Contrast this with the 20 minutes it takes for my cable modem to download
and install the packages with other folks using ports system and it's really
inarguable as to what's better for package updating. With the constant CVS
updates I get from KDE, it's really kind of impossible to imagine this with
with a compile-only ports system. The frequency and size of the changes
make it nearly impossible for folks without a compile farm to update these
packages at that rate.

You still have a somewhat hackish dependency debugger in *BSD packaging
systems. You have portupgrade, which only kind of resolves these dependency
often leaving random stuff behind, while in contrast, I can full back out
dpkgs and reinstall them at will. It maintains a DB of files installed
in a package, permits file ownership querying, etc...

It's a phenomenal system.

> recall a time when it wasn't successfully completed by the next morning. 
>  When I didn't want to wait, I simply used the packages from the 
> KDE/FreeBSD team (http://rabarber.fruitsalad.org/).  I recognize that 
> having packages available is the exception rather than the rule.

Also, the quality of binary packages are rather unpolished. The way that
the FreeBSD deals with all of this is seems to be unpracticed, so you get
all of these funky things happening with dependencies. This is especially
the case if you rapidly "world" updates or do port upgrades often.  The
current schema is confused and difficult to work with regarding dependencies.
And I can't imagine it being scalable for rapid, high server load availablity
until these technical issues are solved so that package maintainers can
do the fundamental work instead of being distracted with side issues.

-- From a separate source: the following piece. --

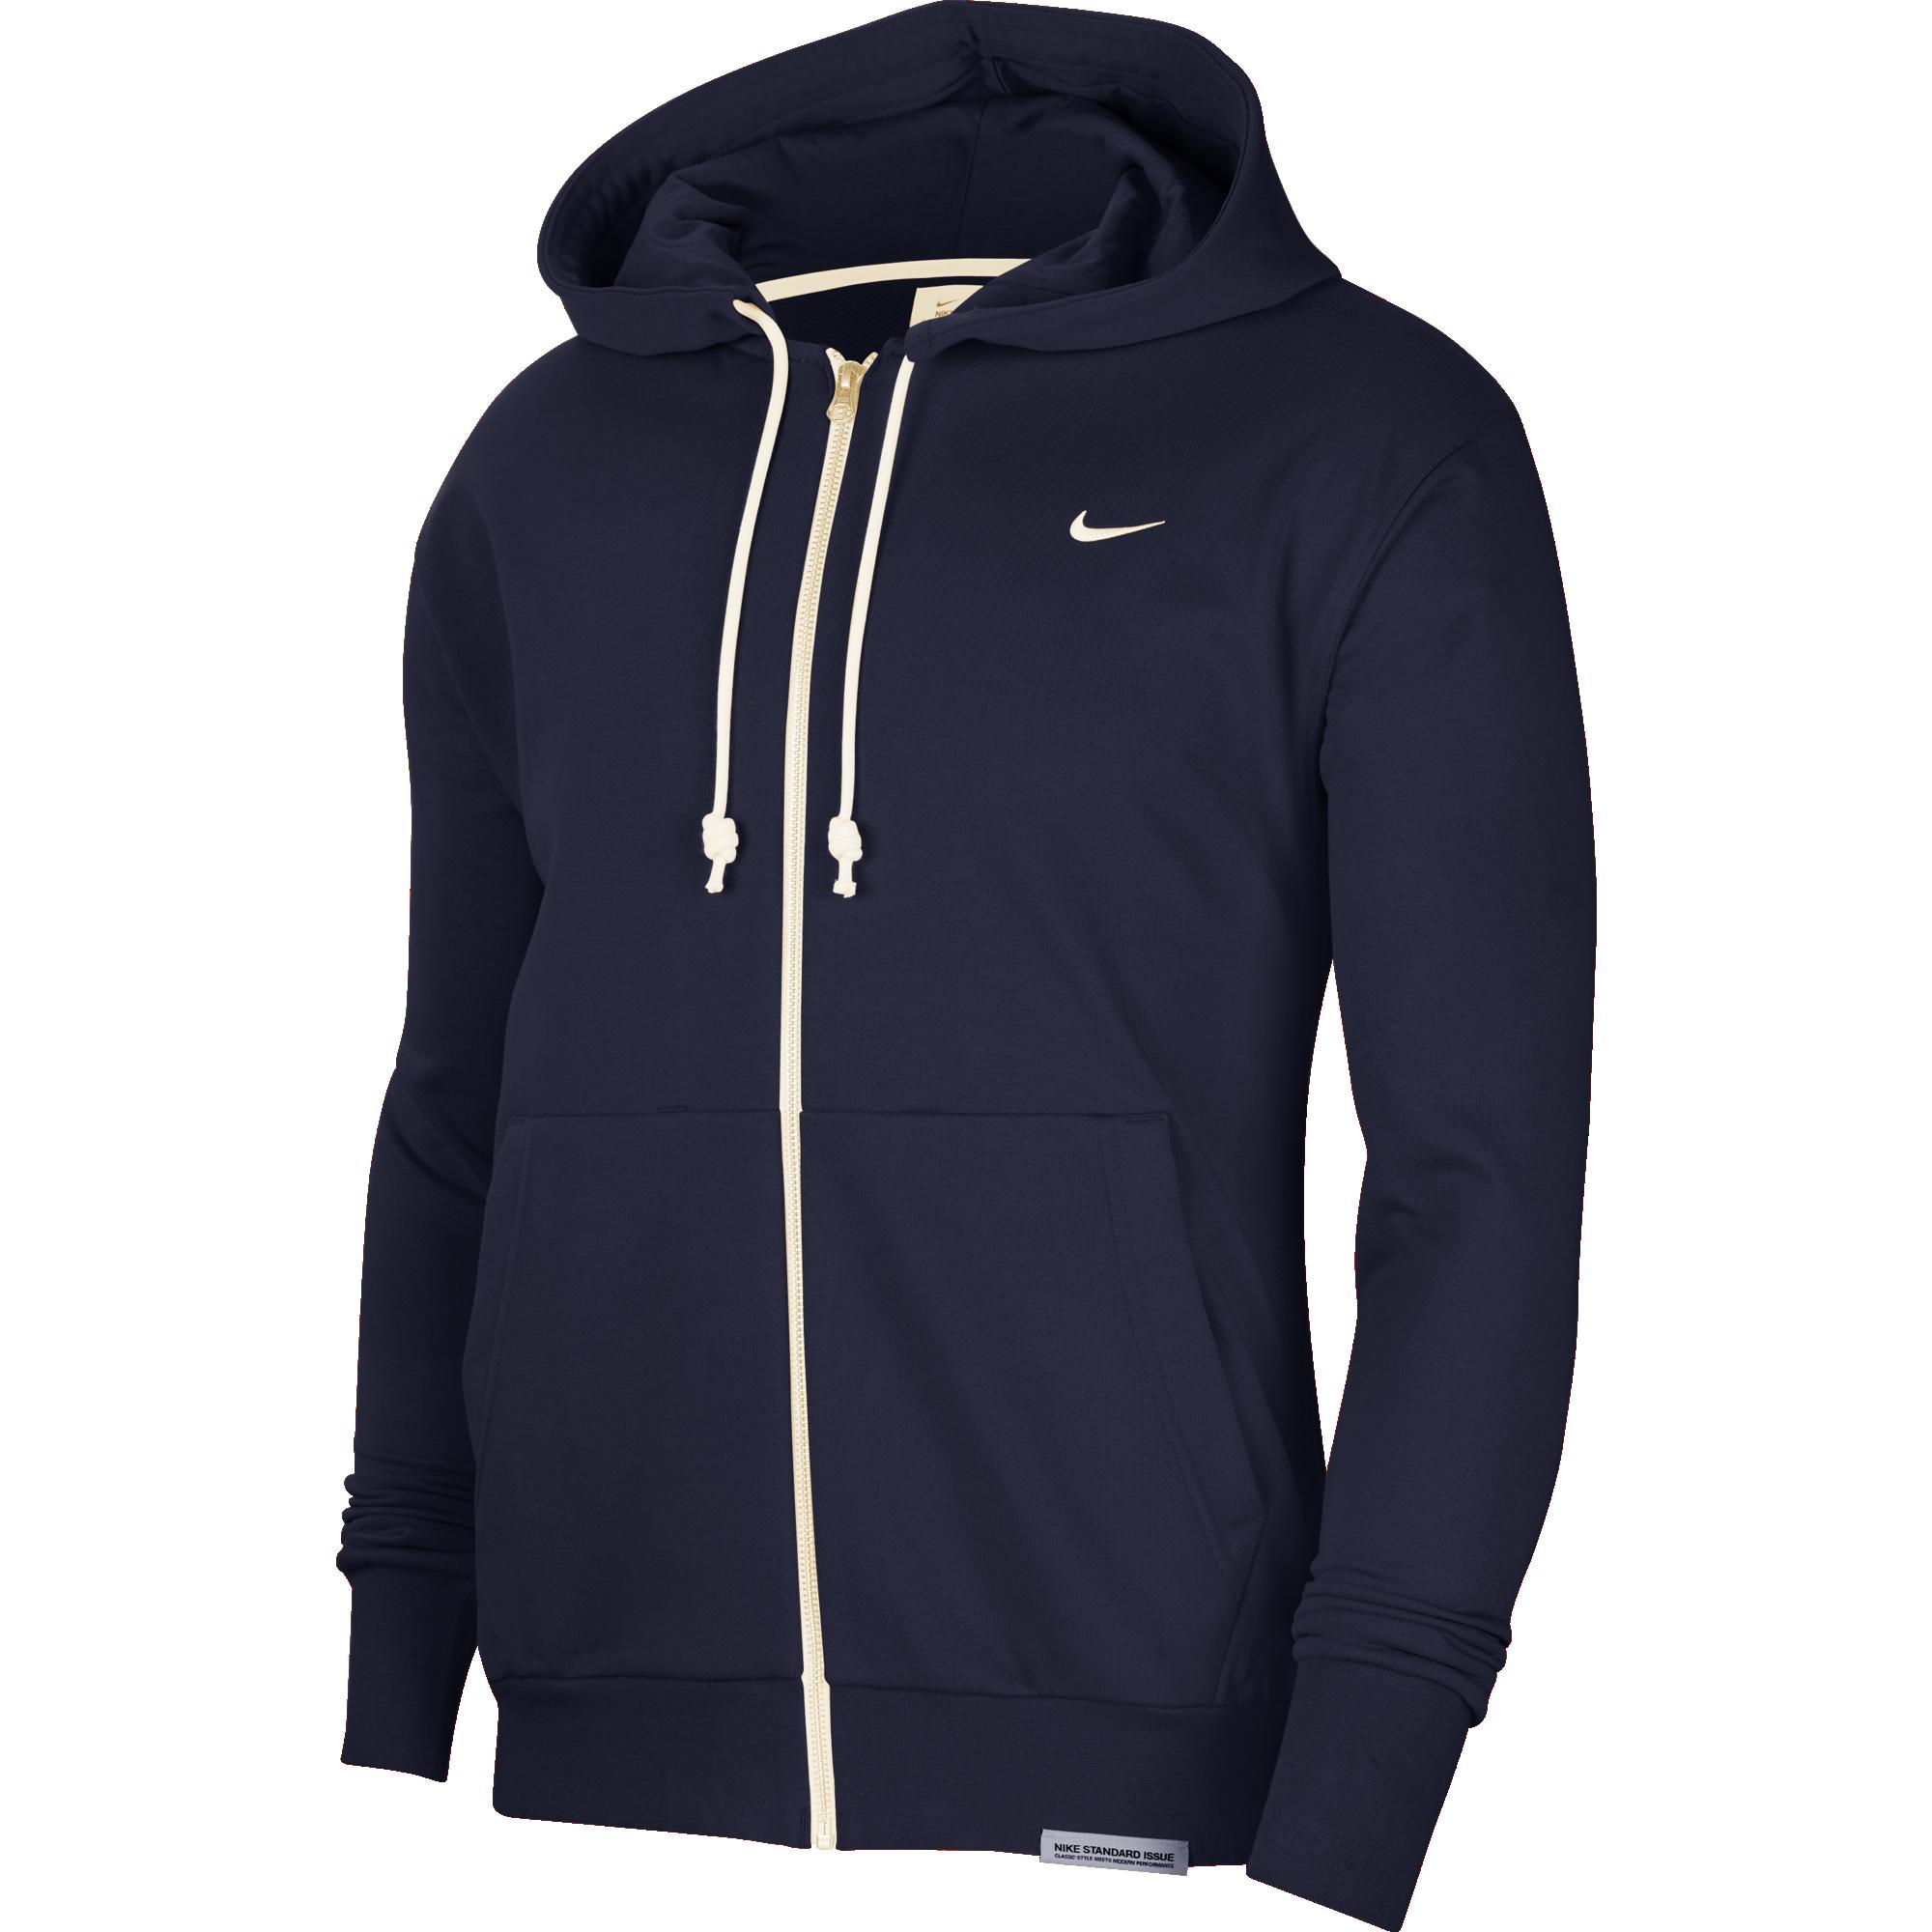 pozo imitar vertical  Nike Dri-Fit Standard Issue Hoodie CK6362 419 - Sam Tabak

> My completely ignorant opinion is that FreeBSD should integrate the 
> bento build cluster (http://pointyhat.freebsd.org/) with the ports 
> system.  The ports system would default to using the package if 
> available, but there would still be an option to always compile from 
> source.  If the package wasn't available yet, then the port would be 
> compiled from source as before.  The packages are already being built 
> (http://pointyhat.freebsd.org/errorlogs/i386-packages-5-latest/)!  All 
> that is needed is to set the default PACKAGESITE to the above URL, make 
> packages the default, and ensure there is enough bandwidth to handle the 
> load.  I know this requires further considerations for security and what 
> not, but handling the load is the only technical difficulty I see...

I think that's in principal a good idea, except that the *BSD packaging
system becomes highly strained with all of these rapid updates. It simply
hasn't handled this in the past well, was never design for these task,
antiquated and is super fragile. I can't imagine myself trusting a system
like that with changes to make or replace the current packaging system.